Federated then moved to intervene to pursue a subrogation claim against Monterey, arguing that it should recover the costs and fees it had spent defending BBP because Monterey’s claim was, according to Federated, groundless. The trial court denied intervention, figuring that Federated could bring the subro claim as a separate action; the Court of Appeals reversed and remanded with instructions that require the trial court to allow the intervention.

The court held, first, that the settlement between BBP and Monterey did not bind Federated, even though a subrogee stands in the shoes of the subrogor and even though the Monterey-BBP settlement specifically released the defense costs.

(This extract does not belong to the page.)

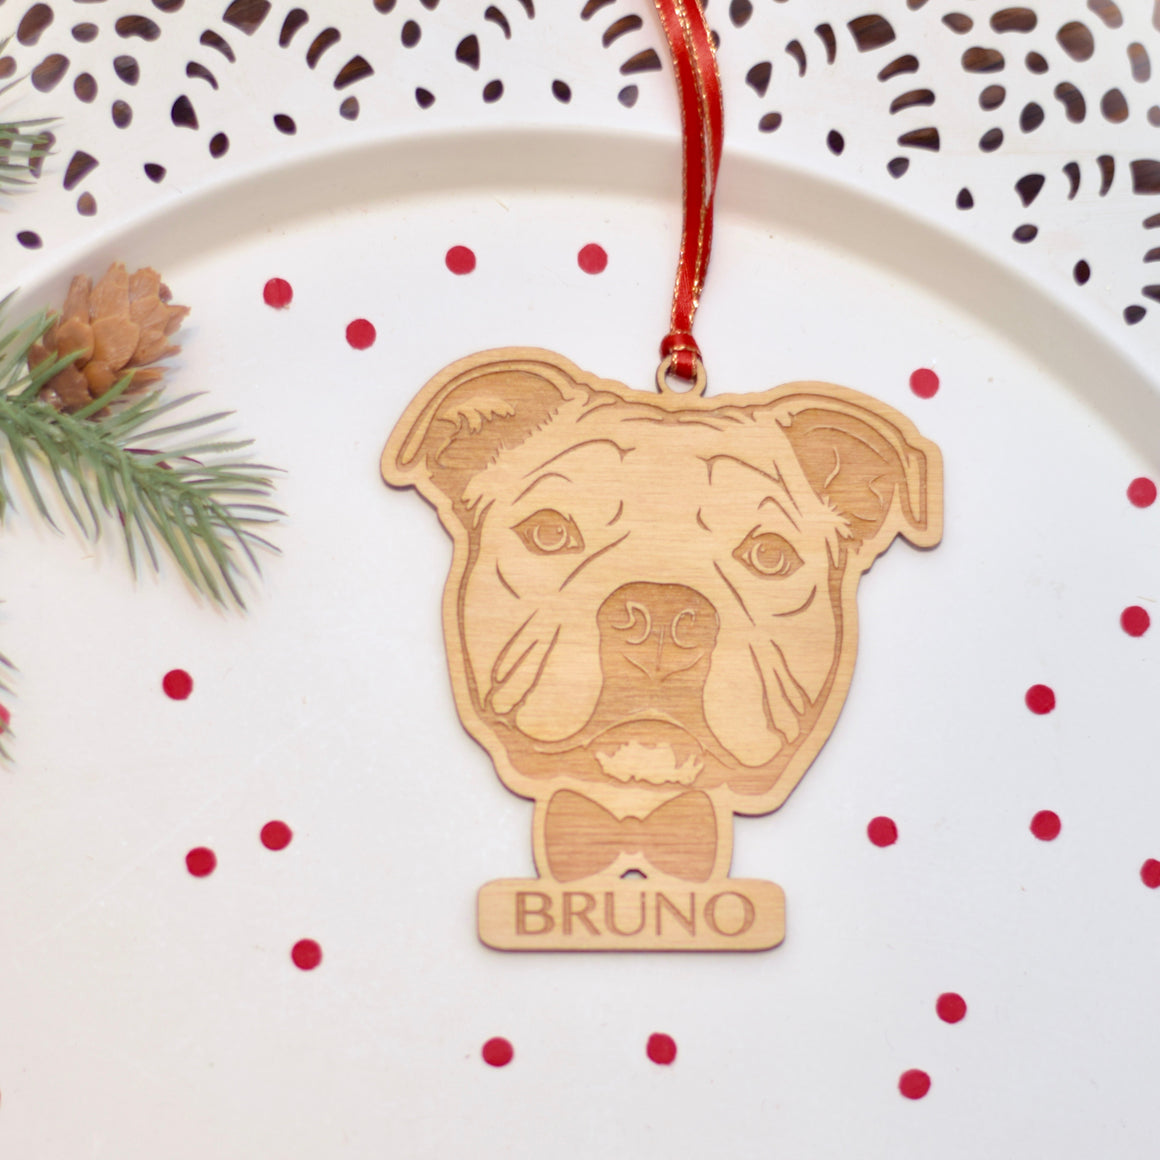 French bully ornament on a cake plate with red confetti

The court cited cases from other jurisdictions for the proposition that once the tortfeasor is informed of the subrogation rights, they cannot be released by the insured. This is a novelty to Arizona law; whether the cases cited actually stand for that proposition on these facts is an exercise we leave for the reader.

Next, the court decided what Federated really wanted — even though it had never thought to ask for it — was a reasonableness hearing under USAA v. Morris, 154 Ariz. 113, and that Morris required that it get one.  (Morris allows the insured to settle a claim without the insurer’s approval when the insurer reserves its rights.) This is true even though the settlement did not result in any additional liability to Federated. At the hearing the burden will be on Monterey to prove, under the court’s new subrogation law, that it did not have notice of the subro claim (which it clearly did according to the facts recited by the court) and/or that, under Morris, the settlement was reasonable. If it fails to prove these things, Federated can proceed with its claim (which will presumably requre proving that Monterey’s claim was meritless).

This of course gives the insurer the best of both worlds. It can deny coverage yet still prevent or manipulate settlement by using the threat of subrogation for defense costs. And this is done under the cover of a case — Morris — that was supposed to prevent it from doing just this sort of thing.